I was surprised to see Jackson’s mother, and so was Jackson. The mother and Jackson did not communicate with each other. The mother got upset at the store with the grandmother, and stated she was going to leave, and take Jackson with her. The grandmother said “No. ” Jackson became very upset, and yelled, “No! ”……“I hate you! ” Jackson was able to calm down when the mother left the scene. This occurred in the parking lot at the store. At the restaurant, Jackson started bulling the smaller cousins. The grandmother did not correct the behavior.
The grandmother stated that Jackson was only playing. This lack of correction reassures Jackson that this behavior is appropriate; solving problems with his fists, and when upset or threatened, to fight his own battles. This is another example of disorganized attachment. Although Jackson is being cared for by his grandmother, in a loving home, due to the disorganized attachment he has with his mother, the maternal deprivation from birth to age 2 or 3, the abuse, trauma, and lack of stability throughout his young life, Jackson has to initially protect himself by demonstrating physical behavior.
Jackson uses physical aggression as a coping skill in certain situations. Jackson has been harmed by the abusive non- relationship with his mother, which may have internalized a negative self-image and negative expectations into his relationships with his grandmother and others. The grandmother’s avoidant style in the relationship has continued the mental abuse of Jackson. There is a lack of an intimate, enjoyable relationship between Jackson and his grandmother, which will continue to have a negative impact on the mental and social development of Jackson.
Jackson is seeking stability and appropriate responses to the experiences he encounters daily. Jackson and his family are good candidates for therapy; individual for Jackson, and family therapy for the rest of the family. Jackson’s mother needs drug treatment and counseling, in order to possibly repair the damaged non-relationship she has with Jackson, and with her own mother. According to Ainsworth, the early intervention for disorganized attachment, or other problematic styles, is directed toward changing the trajectory of development to provide a better outcome later in the person’s life.
Jackson is in great need of intervention.
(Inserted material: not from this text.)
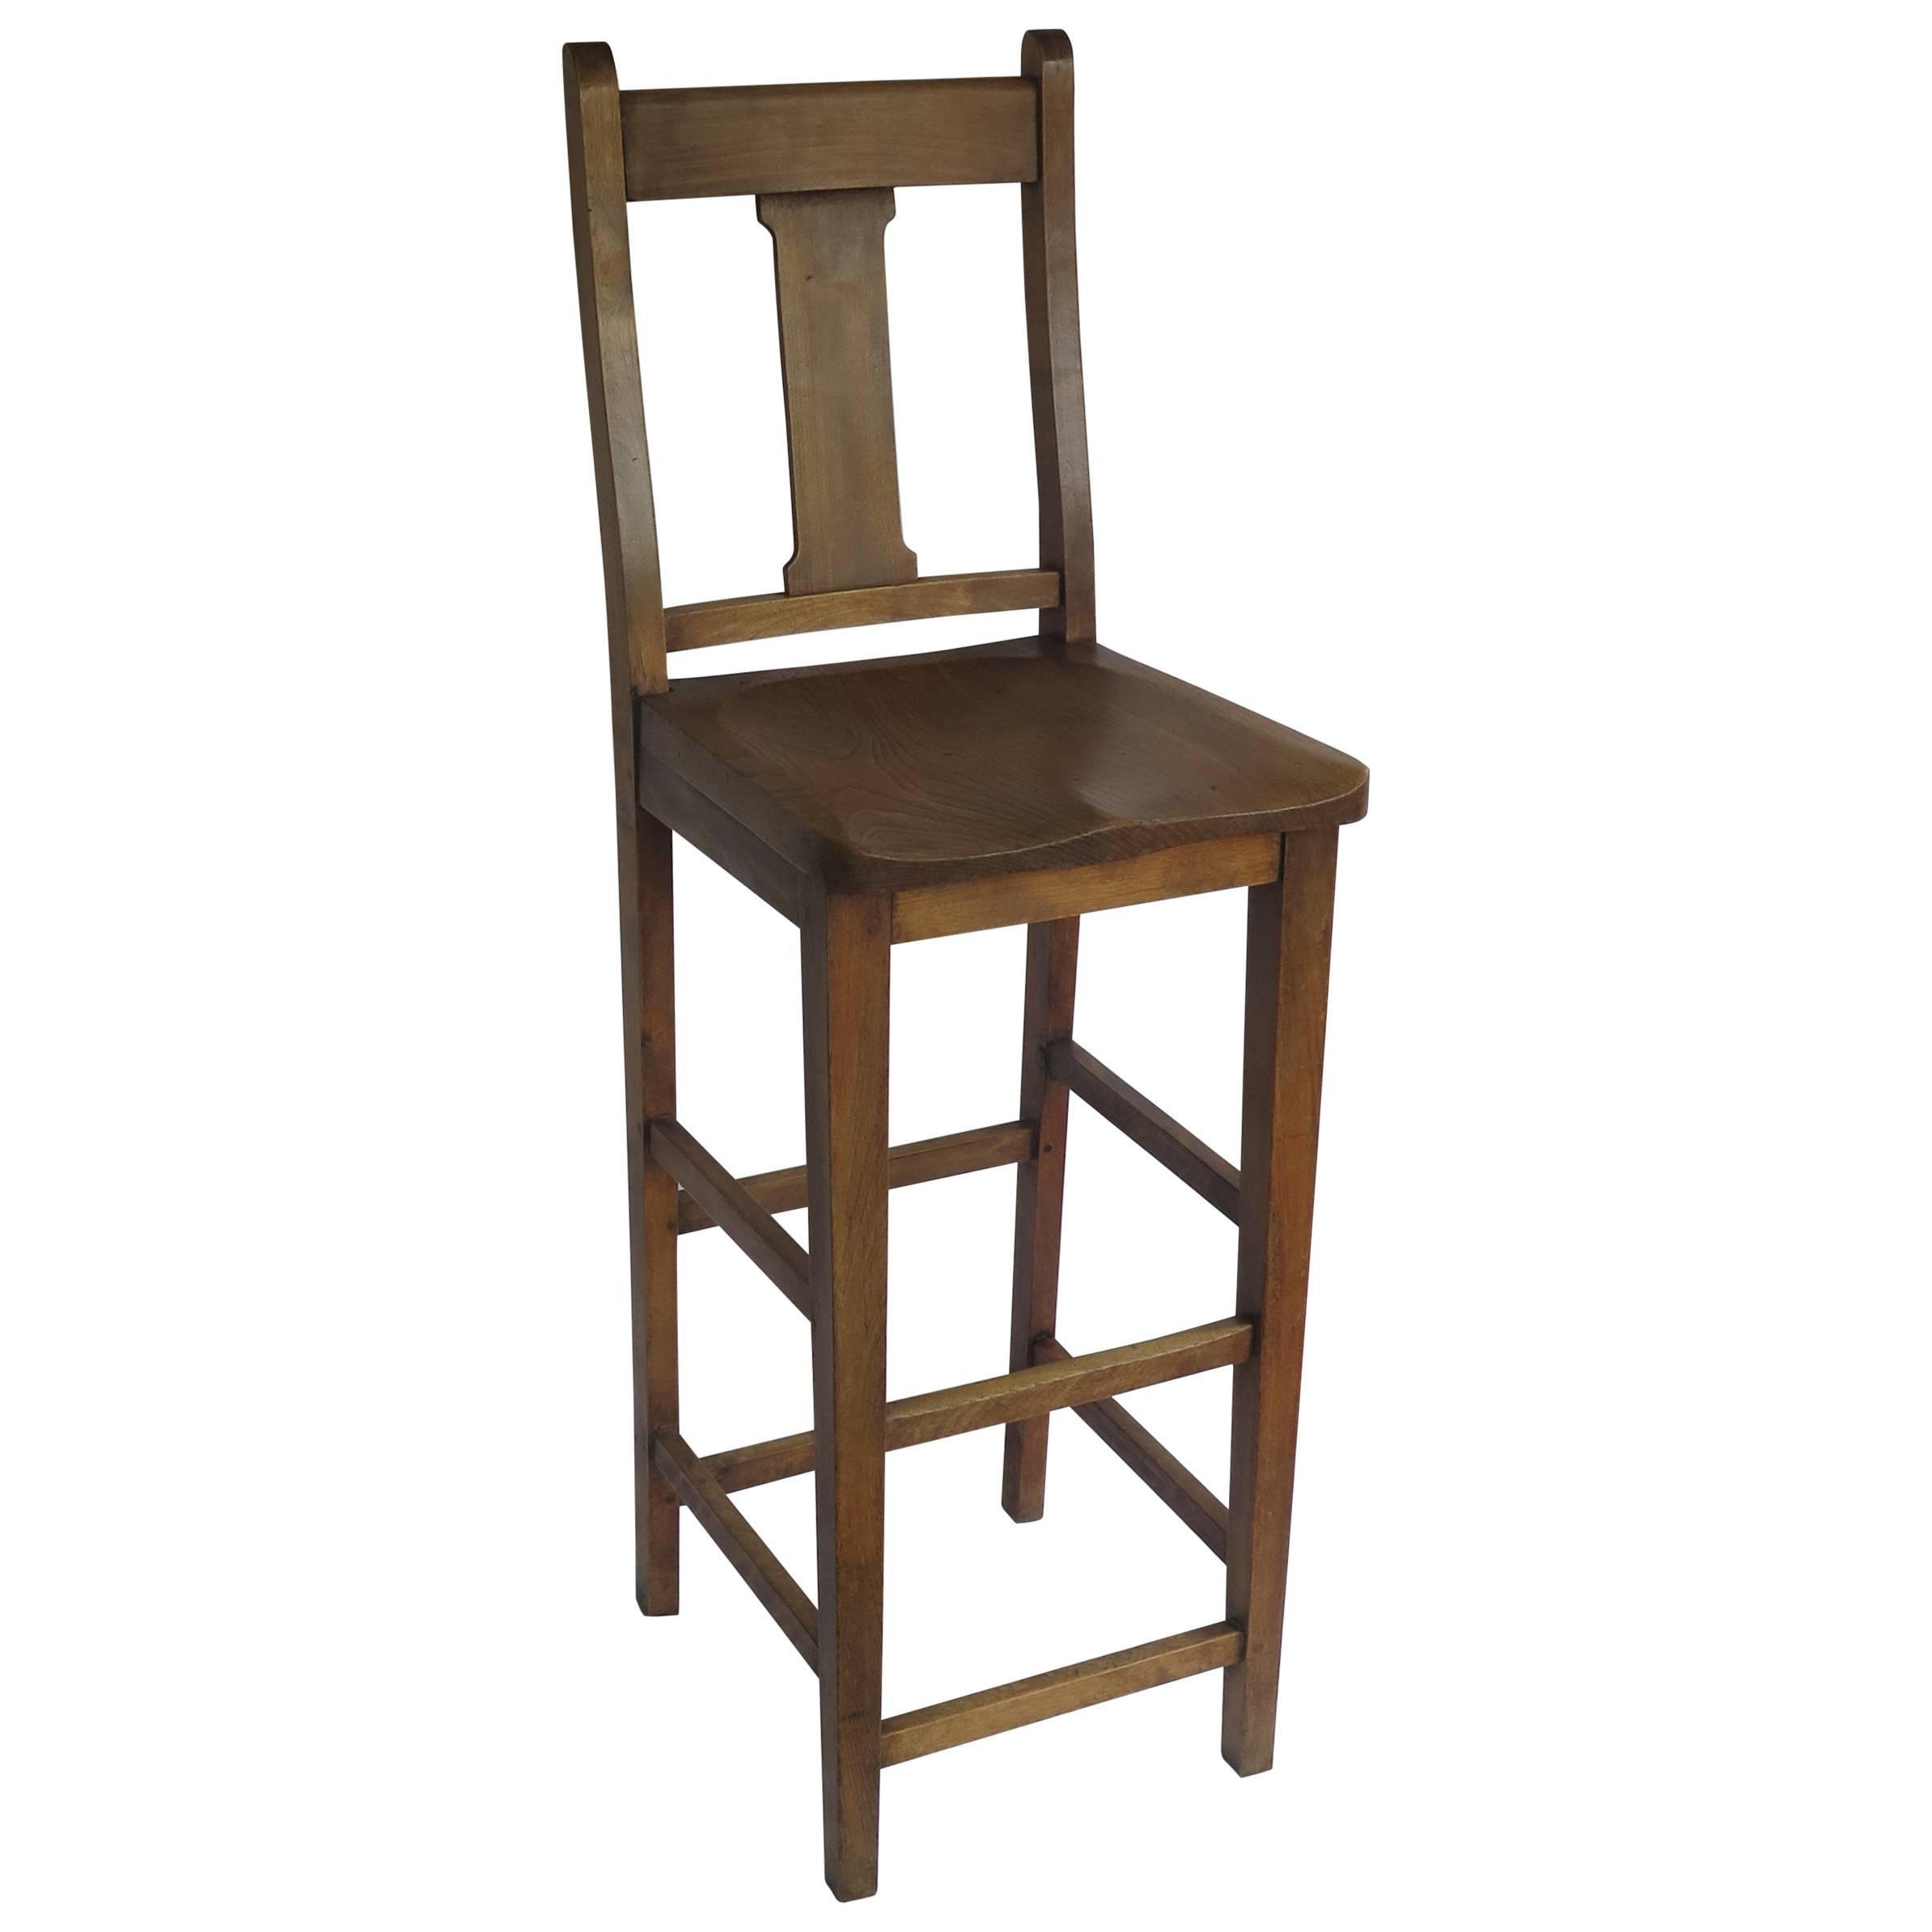 Chaise haute ou chaise de cuisine victorienne de Clérk en orme et plage, anglaise vers 1880
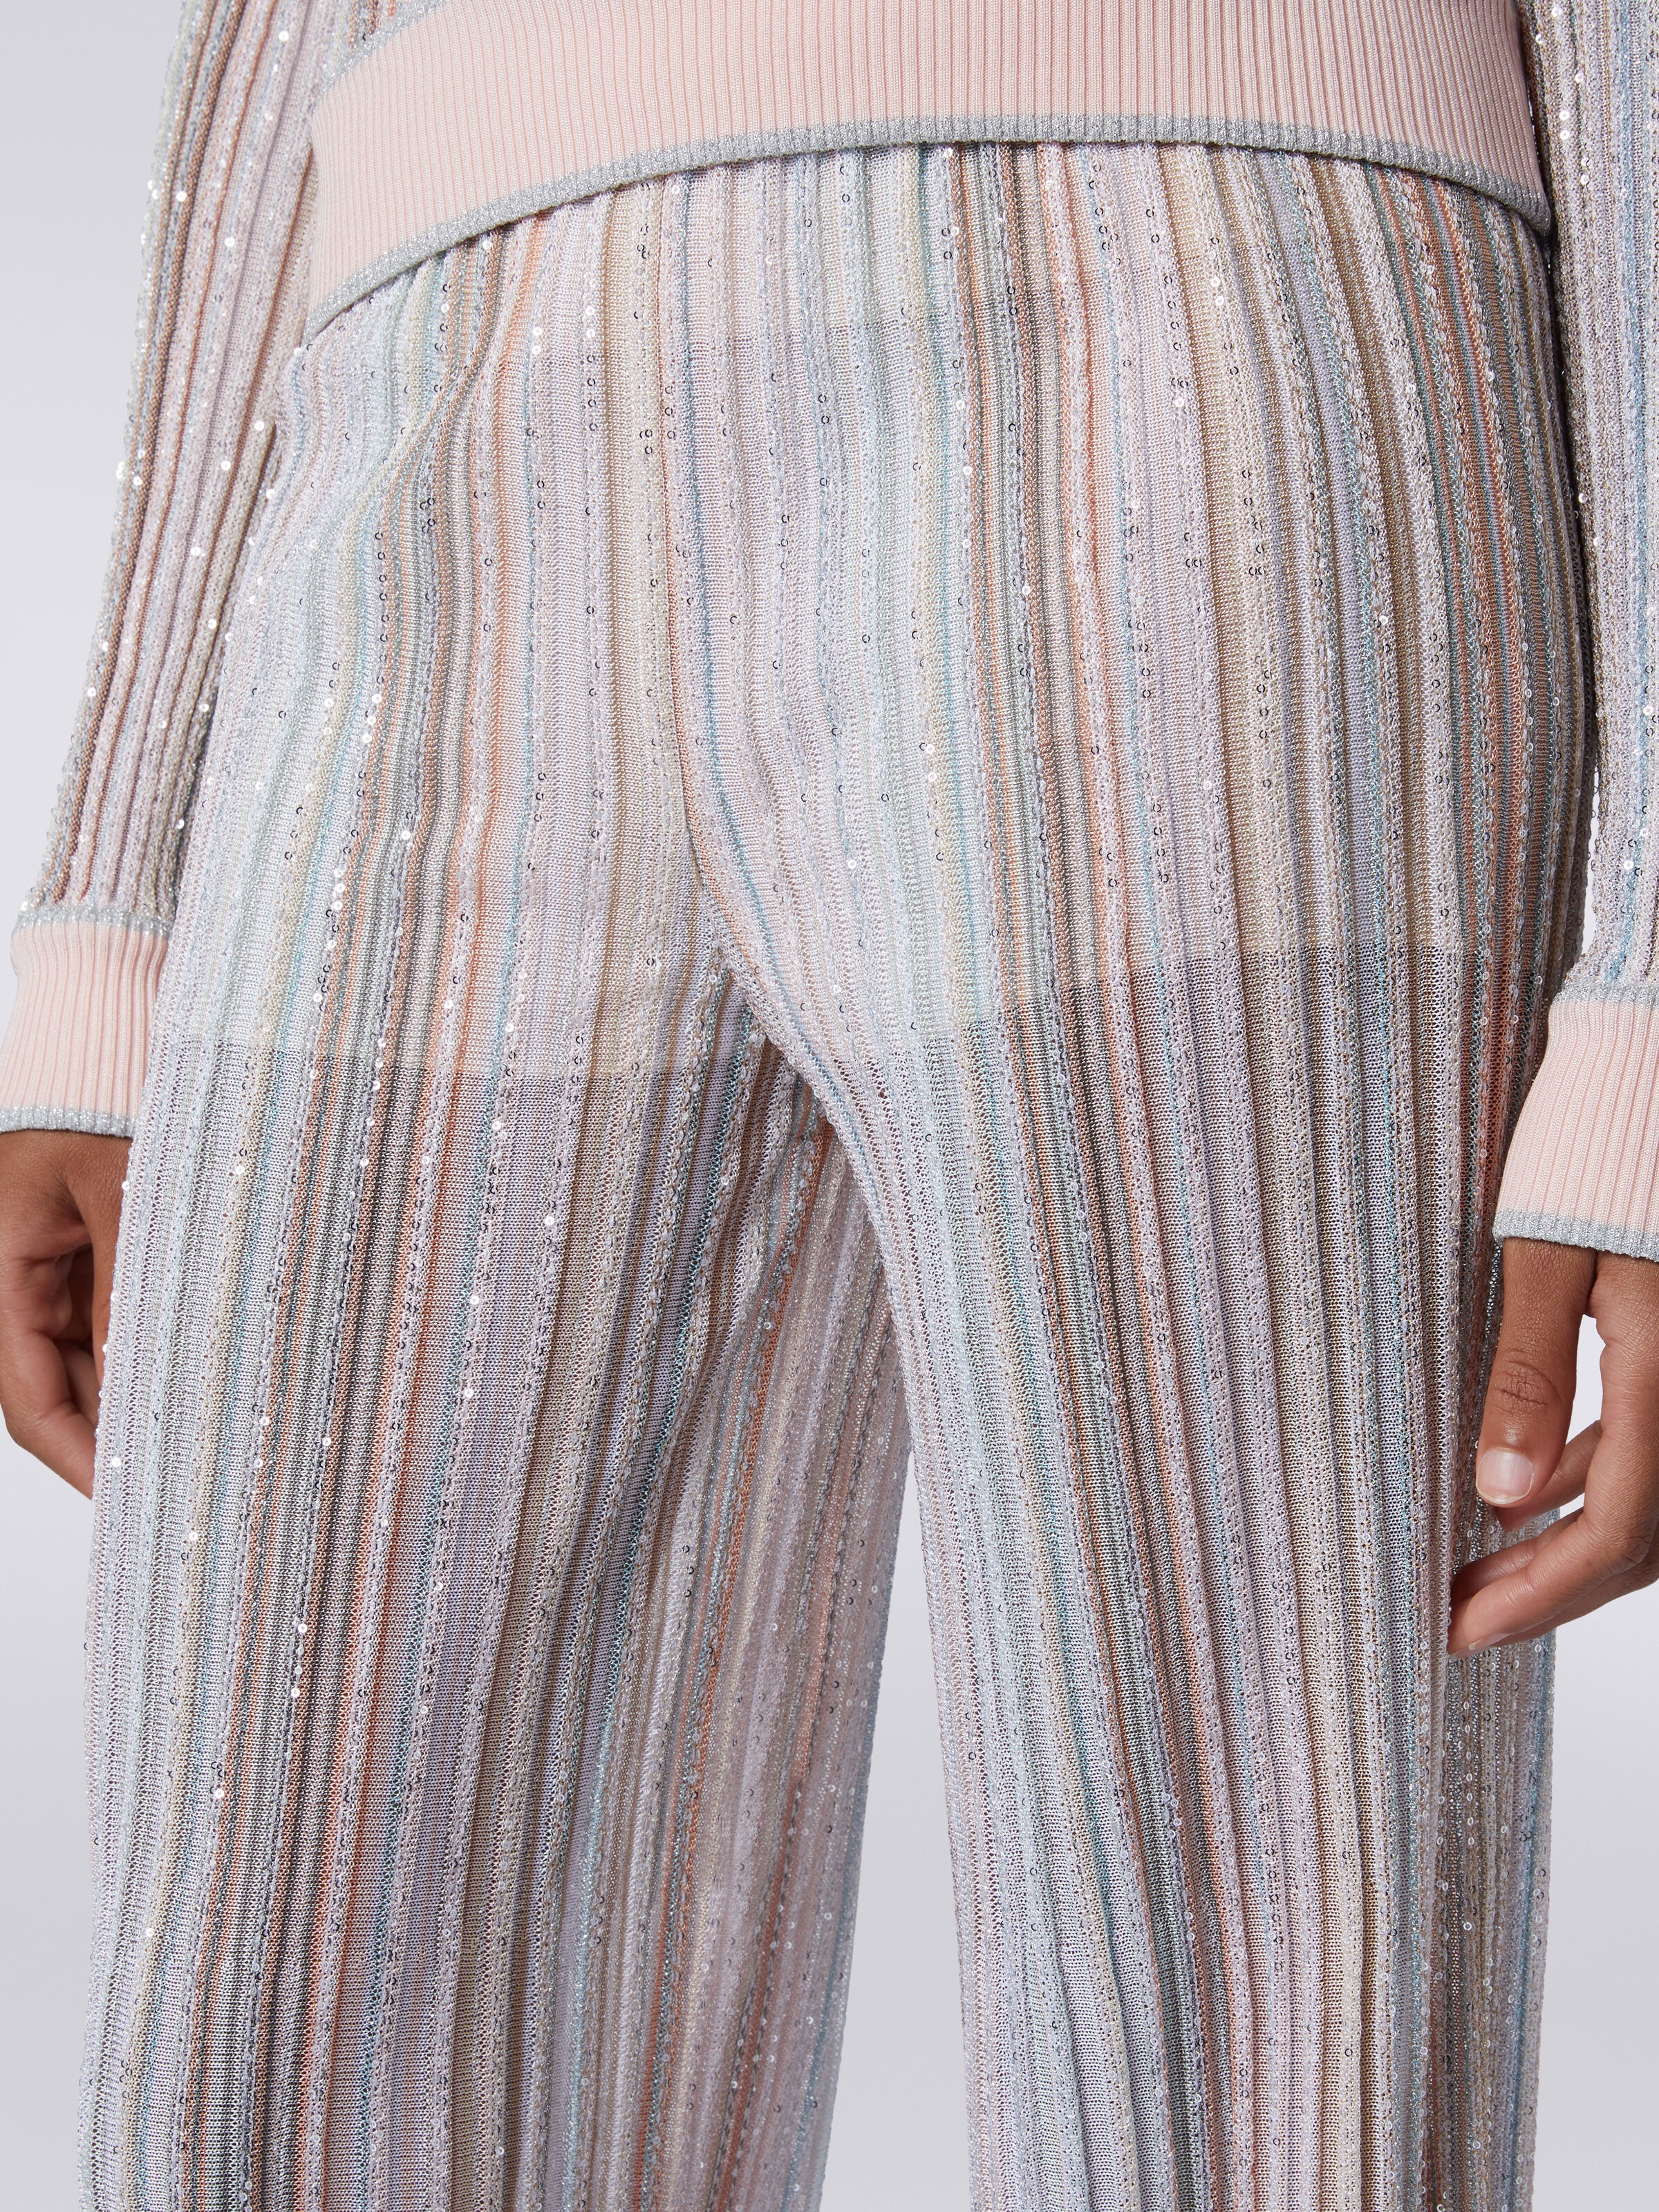 Pantaloni in maglia a righe verticali con paillettes, Multicolore  - 4

Without intervention, it appears that Jackson will continue his development into an angrier, emotionally unbalanced, young man. References Ainsworth, MD (1967). Infancy in Uganda. Baltimore: John Hopkins Press. Bowlby, J. (1969). Attachment. Attachment and Loss. Vol. I. London: Hogarth. Bowlby, J. , Ainsworth, M. D. , ; Fry, M. (1965). Child care and the growth of love (2d Ed. ). Baltimore: Penguin Books.